Flu vaccines are still available at State Service Centers, primary care providers and specialists, pharmacies, and some grocery stores. To find participating stores, enter your zip code in the Centers for Disease Control and Prevention’s (CDC) flu vaccine finder at http://www.cdc.gov/flu/. For more information about the flu, visit flu.delaware.gov/ or call DPH at 1-800-282-8672. The CDC recommends use of any licensed, age-appropriate influenza vaccine, including inactivated influenza vaccine [IIV], recombinant influenza vaccine [RIV], or live attenuated influenza vaccine (LAIV). If you have questions about which vaccine is best for you, talk to your doctor or other health care professional. Flu shots are still available at DPH clinics located within the State Service Centers:

• Porter State Service Center, 509 W. Eighth St., Wilmington. For all ages 9 and up. Walk-ins are welcome
Monday through Friday from 8:00 a.m. to noon and from 1:00 p.m. to 4:30 p.m.
• Hudson State Service Center, 501 Ogletown Road, Newark. For all ages, including children age 6 months and older. Call 302-283-7587 (choose Option 2) to make an appointment Monday through Friday.
• Williams State Service Center, 805 River Road, Dover. For all ages, including children age 6 months and
older. Call 302-857-5140 to make an appointment Monday through Thursday, 8:00 a.m. to 3:30 p.m.
• Milford State Service Center – Riverwalk, 253 N.E. Front St., Milford.

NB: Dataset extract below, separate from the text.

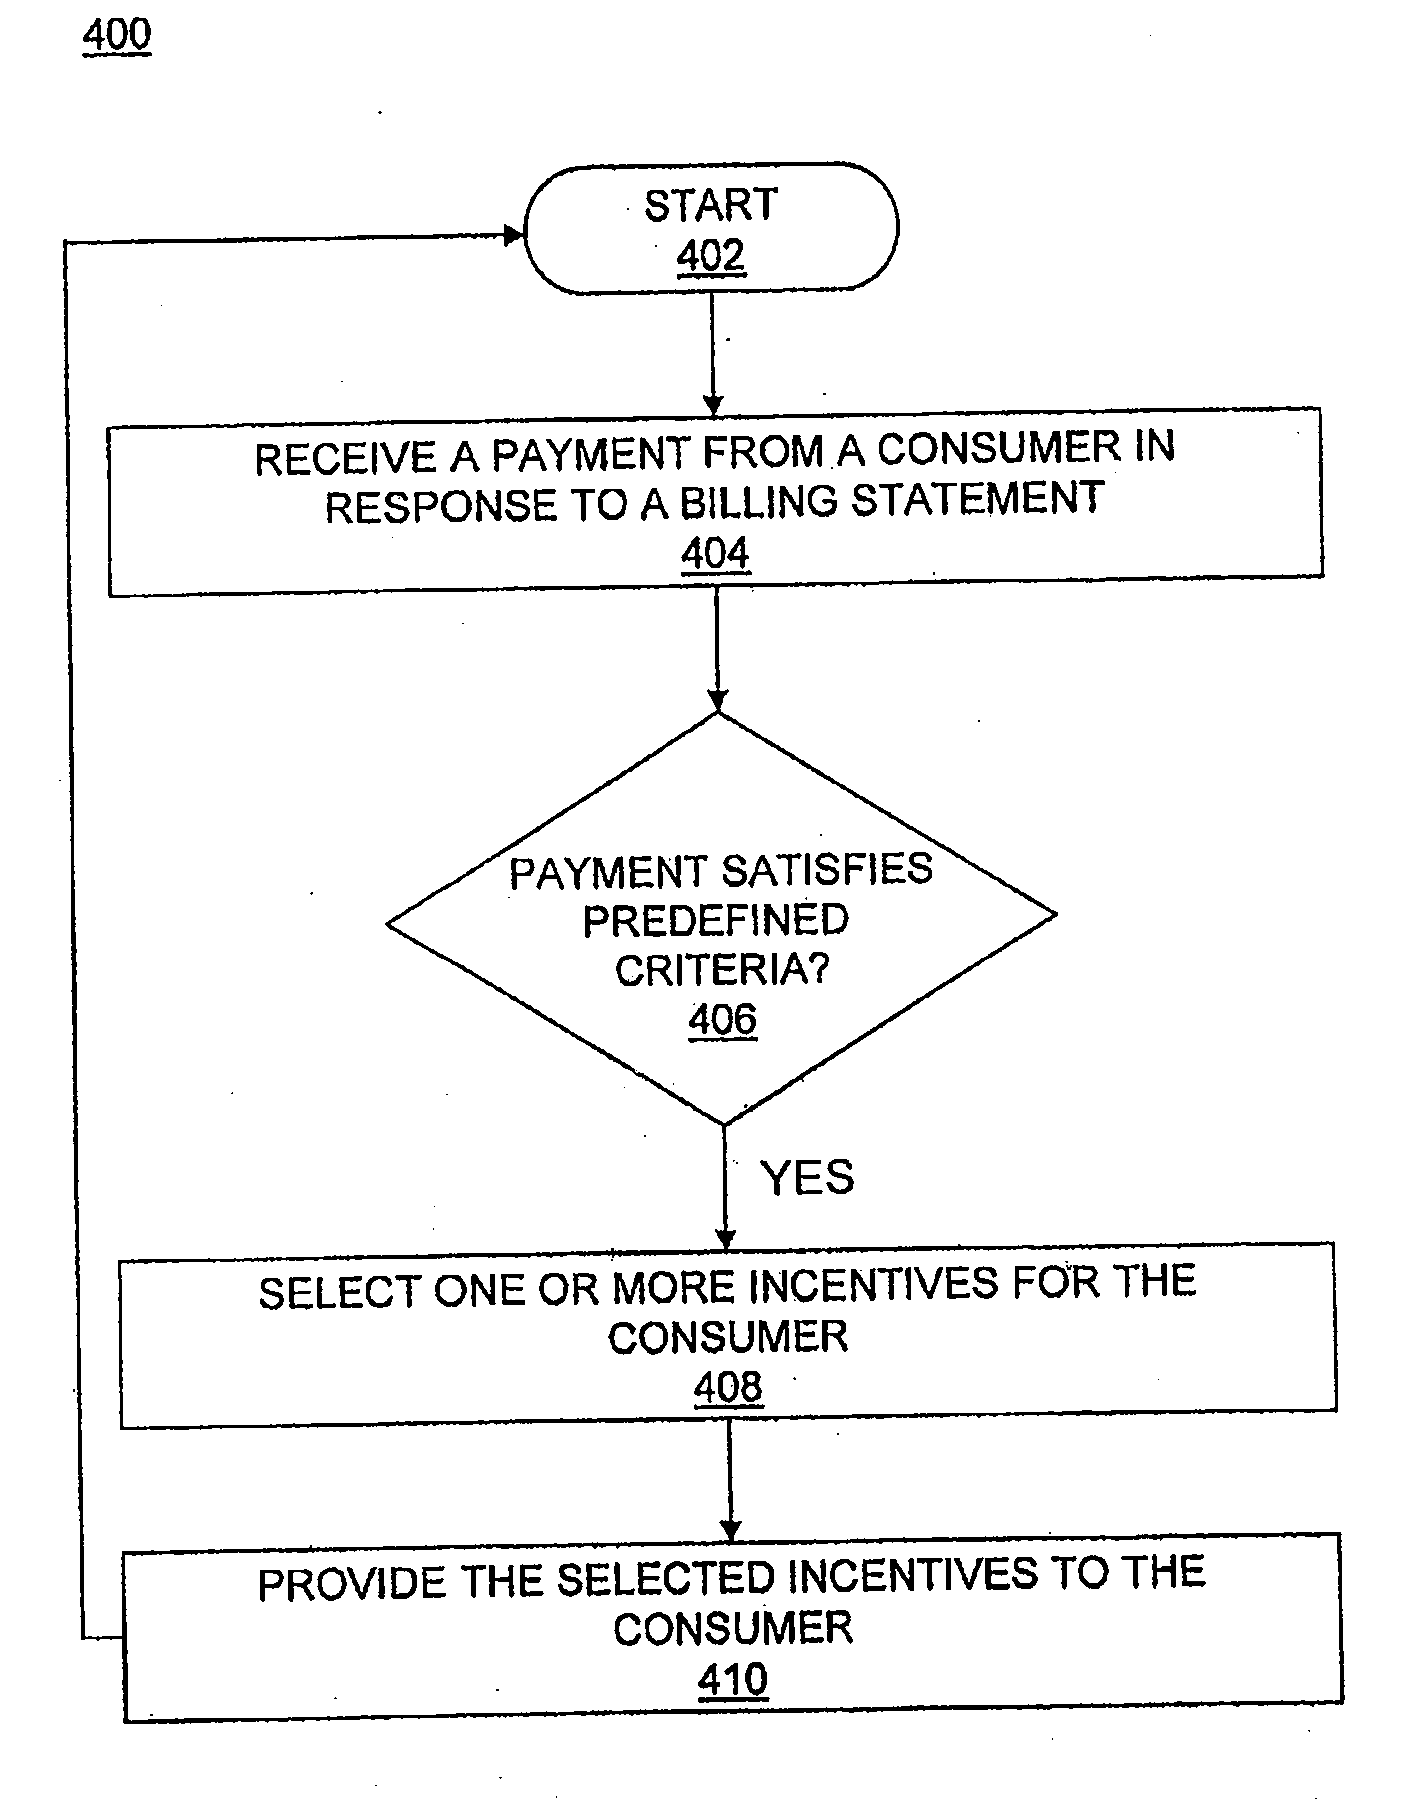 System and method for rewarding positive consumer behavior using loyalty point advances

For ages 9 years and older. Call
302-424-7130 to make an appointment on Mondays from 1:00 p.m. to 3:00 p.m. and Wednesdays from 9:00 a.m. to 11:00 a.m.
• Anna C. Shipley State Service Center, 350 Virginia Ave., Seaford. For all ages, including children age 6
months and older. Walk-ins welcome Monday through Friday from 8:30 a.m. to 4:00 p.m. For information,
call 302-628-6772.
• Adams State Service Center, 544 S. Bedford St., Georgetown. For all ages, including children age 6 months
and older. Call 302-515-3220 to make an appointment on Thursdays from 9:00 a.m. to 11:00 a.m.

For more information about flu surveillance in Delaware, read the weekly flu report at dhss.delaware.gov/dhss/dph/epi/influenzawkly.html.

A person who is deaf, hard-of-hearing, deaf-blind or speech-disabled can call the DPH phone number above by using TTY services. Dial 7-1-1 or 800-232-5460 to type your conversation to a relay operator, who reads your conversation to a hearing person at DPH. The relay operator types the hearing person’s spoken words back to the TTY user. To learn more about TTY availability in Delaware, visit http://delawarerelay.com.

The Department of Health and Social Services is committed to improving the quality of the lives of Delaware’s citizens by promoting health and well-being, fostering self-sufficiency, and protecting vulnerable populations. DPH, a division of DHSS, urges Delawareans to make healthier choices with the 5-2-1 Almost None campaign: eat 5 or more fruits and vegetables each day, have no more than 2 hours of recreational screen time each day (includes TV, computer, gaming), get 1 or more hours of physical activity each day, and drink almost no sugary beverages.